A line qualifies if it holds the string "Socks". Copy every qualifying line from the records.

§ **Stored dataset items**
□ □ □ □

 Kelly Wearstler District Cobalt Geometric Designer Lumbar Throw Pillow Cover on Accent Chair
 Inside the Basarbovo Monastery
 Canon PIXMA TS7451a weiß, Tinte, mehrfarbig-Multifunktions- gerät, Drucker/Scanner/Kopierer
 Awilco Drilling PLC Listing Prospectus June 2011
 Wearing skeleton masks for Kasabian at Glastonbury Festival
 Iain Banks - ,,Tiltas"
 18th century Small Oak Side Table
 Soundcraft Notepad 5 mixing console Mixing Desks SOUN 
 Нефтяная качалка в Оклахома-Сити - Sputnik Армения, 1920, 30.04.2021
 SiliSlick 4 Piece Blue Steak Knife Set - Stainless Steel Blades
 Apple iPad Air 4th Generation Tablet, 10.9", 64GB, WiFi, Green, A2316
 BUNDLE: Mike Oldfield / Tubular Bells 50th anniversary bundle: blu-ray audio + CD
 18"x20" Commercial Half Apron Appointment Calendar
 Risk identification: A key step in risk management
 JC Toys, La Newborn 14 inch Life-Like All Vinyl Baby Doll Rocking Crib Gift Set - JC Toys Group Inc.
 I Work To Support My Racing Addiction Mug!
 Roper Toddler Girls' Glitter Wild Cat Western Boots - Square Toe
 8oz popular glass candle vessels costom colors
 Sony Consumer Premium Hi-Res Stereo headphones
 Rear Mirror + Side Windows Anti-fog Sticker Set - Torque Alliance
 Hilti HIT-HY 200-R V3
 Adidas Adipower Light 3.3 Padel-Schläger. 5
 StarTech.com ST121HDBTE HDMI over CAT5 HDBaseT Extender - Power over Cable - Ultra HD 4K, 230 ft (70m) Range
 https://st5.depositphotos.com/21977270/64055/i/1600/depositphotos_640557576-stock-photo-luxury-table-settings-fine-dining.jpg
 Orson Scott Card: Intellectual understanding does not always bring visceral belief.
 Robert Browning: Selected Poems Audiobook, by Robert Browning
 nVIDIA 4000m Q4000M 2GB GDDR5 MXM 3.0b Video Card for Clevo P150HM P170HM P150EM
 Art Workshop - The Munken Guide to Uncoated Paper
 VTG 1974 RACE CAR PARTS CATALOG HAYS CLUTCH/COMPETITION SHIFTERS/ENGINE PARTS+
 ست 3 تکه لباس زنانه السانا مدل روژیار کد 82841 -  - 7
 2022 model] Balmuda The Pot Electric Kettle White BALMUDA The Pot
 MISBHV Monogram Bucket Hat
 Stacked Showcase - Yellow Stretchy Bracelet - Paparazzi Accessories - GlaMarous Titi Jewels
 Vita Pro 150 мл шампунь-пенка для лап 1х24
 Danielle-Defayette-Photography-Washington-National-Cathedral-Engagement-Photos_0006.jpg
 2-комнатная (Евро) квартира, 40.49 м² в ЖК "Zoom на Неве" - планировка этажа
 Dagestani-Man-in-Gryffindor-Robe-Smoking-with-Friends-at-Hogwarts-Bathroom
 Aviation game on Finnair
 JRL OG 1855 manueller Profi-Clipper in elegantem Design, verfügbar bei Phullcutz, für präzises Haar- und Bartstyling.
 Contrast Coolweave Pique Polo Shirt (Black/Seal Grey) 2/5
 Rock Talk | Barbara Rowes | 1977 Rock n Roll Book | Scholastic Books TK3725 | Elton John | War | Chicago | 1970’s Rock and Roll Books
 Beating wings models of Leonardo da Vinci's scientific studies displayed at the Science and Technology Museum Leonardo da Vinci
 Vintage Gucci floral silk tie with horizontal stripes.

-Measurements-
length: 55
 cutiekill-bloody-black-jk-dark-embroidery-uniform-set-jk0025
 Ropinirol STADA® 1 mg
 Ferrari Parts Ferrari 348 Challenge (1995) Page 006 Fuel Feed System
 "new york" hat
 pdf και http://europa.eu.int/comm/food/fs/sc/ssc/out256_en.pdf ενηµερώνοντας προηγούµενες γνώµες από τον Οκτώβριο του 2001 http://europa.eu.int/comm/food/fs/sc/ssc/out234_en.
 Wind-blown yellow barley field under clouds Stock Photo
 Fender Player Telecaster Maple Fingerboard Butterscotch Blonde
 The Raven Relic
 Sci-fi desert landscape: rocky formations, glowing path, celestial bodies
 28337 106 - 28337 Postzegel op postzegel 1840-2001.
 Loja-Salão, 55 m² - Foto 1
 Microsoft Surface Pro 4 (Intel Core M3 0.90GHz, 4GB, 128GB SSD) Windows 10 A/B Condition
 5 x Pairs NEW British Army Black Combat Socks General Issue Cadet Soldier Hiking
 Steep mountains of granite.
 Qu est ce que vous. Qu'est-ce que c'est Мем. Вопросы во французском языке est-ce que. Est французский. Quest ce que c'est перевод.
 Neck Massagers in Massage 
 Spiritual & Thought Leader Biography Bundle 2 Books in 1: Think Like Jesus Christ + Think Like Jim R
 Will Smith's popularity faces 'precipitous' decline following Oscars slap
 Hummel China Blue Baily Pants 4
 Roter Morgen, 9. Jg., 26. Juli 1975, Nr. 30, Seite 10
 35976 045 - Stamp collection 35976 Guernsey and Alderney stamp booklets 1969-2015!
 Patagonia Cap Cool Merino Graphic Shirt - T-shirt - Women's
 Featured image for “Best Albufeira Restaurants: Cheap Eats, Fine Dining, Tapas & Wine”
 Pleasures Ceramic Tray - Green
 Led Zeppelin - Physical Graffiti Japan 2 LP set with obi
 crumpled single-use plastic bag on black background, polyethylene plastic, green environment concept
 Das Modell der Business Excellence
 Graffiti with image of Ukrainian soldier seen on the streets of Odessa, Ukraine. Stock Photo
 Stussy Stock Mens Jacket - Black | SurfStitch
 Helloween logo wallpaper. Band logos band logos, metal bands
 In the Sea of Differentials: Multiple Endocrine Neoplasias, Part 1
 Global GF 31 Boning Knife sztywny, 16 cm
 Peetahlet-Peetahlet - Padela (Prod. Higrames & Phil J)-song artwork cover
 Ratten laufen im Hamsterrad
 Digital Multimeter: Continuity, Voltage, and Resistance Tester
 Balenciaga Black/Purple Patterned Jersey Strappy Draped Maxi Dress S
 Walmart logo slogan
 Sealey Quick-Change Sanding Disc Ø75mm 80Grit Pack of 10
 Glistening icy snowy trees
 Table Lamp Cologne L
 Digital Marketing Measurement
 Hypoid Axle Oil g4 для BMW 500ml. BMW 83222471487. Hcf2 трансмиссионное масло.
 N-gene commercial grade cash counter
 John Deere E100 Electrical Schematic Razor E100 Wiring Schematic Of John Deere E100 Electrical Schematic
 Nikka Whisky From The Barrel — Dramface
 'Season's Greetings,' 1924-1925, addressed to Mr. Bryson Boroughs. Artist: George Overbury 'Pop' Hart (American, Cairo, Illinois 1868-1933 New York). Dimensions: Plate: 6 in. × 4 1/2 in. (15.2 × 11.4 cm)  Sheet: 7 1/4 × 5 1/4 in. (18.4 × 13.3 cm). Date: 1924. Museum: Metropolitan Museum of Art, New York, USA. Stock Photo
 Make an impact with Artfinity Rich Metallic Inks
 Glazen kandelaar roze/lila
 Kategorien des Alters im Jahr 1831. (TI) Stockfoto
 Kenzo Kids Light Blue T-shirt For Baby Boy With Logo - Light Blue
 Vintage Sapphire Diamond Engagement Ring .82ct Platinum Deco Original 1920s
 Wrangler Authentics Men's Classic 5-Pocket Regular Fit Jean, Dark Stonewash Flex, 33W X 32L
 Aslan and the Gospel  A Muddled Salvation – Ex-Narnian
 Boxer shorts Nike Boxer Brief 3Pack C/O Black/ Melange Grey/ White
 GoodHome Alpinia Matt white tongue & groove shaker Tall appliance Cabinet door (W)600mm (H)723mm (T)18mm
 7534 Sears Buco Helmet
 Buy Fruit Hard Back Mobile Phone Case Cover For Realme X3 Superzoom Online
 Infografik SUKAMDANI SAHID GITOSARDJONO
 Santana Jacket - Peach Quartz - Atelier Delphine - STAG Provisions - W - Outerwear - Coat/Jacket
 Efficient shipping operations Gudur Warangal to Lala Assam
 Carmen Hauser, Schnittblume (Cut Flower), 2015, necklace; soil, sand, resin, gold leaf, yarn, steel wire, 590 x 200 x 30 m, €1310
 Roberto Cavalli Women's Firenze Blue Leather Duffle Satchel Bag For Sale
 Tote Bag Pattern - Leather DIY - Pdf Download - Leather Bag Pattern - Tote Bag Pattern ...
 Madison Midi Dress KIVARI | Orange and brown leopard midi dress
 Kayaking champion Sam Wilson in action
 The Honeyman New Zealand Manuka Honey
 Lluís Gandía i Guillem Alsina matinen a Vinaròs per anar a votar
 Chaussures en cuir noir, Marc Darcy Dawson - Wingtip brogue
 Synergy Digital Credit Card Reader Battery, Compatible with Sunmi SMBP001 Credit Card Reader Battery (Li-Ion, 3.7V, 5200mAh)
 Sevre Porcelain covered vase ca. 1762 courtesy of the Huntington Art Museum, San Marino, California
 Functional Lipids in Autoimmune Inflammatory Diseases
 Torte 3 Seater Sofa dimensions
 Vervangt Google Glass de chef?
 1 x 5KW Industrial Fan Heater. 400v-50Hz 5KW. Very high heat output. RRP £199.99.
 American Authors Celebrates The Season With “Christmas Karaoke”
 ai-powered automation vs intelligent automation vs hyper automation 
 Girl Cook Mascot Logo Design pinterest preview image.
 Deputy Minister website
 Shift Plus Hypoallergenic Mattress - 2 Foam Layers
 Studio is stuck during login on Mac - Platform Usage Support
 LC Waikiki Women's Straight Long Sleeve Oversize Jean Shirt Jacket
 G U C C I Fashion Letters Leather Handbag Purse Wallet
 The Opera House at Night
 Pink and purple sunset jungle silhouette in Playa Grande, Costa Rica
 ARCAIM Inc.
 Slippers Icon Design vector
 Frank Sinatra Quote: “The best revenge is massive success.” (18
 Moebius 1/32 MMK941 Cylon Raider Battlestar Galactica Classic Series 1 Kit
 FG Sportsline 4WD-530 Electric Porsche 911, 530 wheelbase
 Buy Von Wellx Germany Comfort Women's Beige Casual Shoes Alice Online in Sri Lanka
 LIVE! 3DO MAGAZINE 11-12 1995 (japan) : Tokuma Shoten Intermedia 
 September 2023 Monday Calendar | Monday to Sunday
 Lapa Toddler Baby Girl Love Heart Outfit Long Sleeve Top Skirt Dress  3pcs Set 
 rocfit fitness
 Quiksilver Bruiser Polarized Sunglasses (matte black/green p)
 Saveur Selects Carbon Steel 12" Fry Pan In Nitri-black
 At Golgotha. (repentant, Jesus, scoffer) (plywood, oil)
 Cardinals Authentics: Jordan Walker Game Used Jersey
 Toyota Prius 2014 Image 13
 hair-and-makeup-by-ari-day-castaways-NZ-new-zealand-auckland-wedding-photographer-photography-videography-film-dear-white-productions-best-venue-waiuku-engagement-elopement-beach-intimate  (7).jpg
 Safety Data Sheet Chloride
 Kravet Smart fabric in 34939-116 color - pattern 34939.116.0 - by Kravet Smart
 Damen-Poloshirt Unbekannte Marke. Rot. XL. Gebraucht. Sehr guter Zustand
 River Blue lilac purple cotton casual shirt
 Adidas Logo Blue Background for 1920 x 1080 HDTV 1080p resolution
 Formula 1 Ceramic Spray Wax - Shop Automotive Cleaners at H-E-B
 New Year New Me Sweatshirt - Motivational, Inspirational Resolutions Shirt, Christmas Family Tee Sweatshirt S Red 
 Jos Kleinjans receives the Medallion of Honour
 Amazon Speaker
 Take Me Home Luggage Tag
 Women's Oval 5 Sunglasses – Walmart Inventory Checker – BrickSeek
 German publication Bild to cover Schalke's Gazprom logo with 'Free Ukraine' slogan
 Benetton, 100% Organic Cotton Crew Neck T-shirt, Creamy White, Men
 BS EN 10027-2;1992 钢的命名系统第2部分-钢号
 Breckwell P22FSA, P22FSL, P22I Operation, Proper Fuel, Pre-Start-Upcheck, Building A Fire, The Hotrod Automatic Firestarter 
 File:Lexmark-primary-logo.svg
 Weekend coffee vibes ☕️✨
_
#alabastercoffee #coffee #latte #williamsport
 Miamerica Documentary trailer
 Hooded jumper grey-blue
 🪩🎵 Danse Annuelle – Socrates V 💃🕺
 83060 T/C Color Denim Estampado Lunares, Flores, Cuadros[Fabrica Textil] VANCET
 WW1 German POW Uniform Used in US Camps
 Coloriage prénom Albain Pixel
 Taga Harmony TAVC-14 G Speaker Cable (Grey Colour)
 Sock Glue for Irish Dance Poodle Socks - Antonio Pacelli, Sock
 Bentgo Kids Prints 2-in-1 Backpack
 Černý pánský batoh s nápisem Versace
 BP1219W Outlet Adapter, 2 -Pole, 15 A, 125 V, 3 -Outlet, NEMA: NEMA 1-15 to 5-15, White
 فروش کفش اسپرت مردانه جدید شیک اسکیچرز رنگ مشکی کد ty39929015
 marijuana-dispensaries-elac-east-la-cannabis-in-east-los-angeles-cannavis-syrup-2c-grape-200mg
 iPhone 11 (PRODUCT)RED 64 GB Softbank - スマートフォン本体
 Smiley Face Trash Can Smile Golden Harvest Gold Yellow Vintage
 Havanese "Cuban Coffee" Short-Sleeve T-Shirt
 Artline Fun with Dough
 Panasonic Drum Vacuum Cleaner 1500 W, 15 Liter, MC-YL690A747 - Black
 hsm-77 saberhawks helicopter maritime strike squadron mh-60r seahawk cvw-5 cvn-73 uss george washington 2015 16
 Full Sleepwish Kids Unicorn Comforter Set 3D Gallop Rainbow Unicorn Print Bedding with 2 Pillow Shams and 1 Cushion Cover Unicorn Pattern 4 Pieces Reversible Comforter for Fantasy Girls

□ □ □ □

§ **Exercise response**
 5 x Pairs NEW British Army Black Combat Socks General Issue Cadet Soldier Hiking
 Sock Glue for Irish Dance Poodle Socks - Antonio Pacelli, Sock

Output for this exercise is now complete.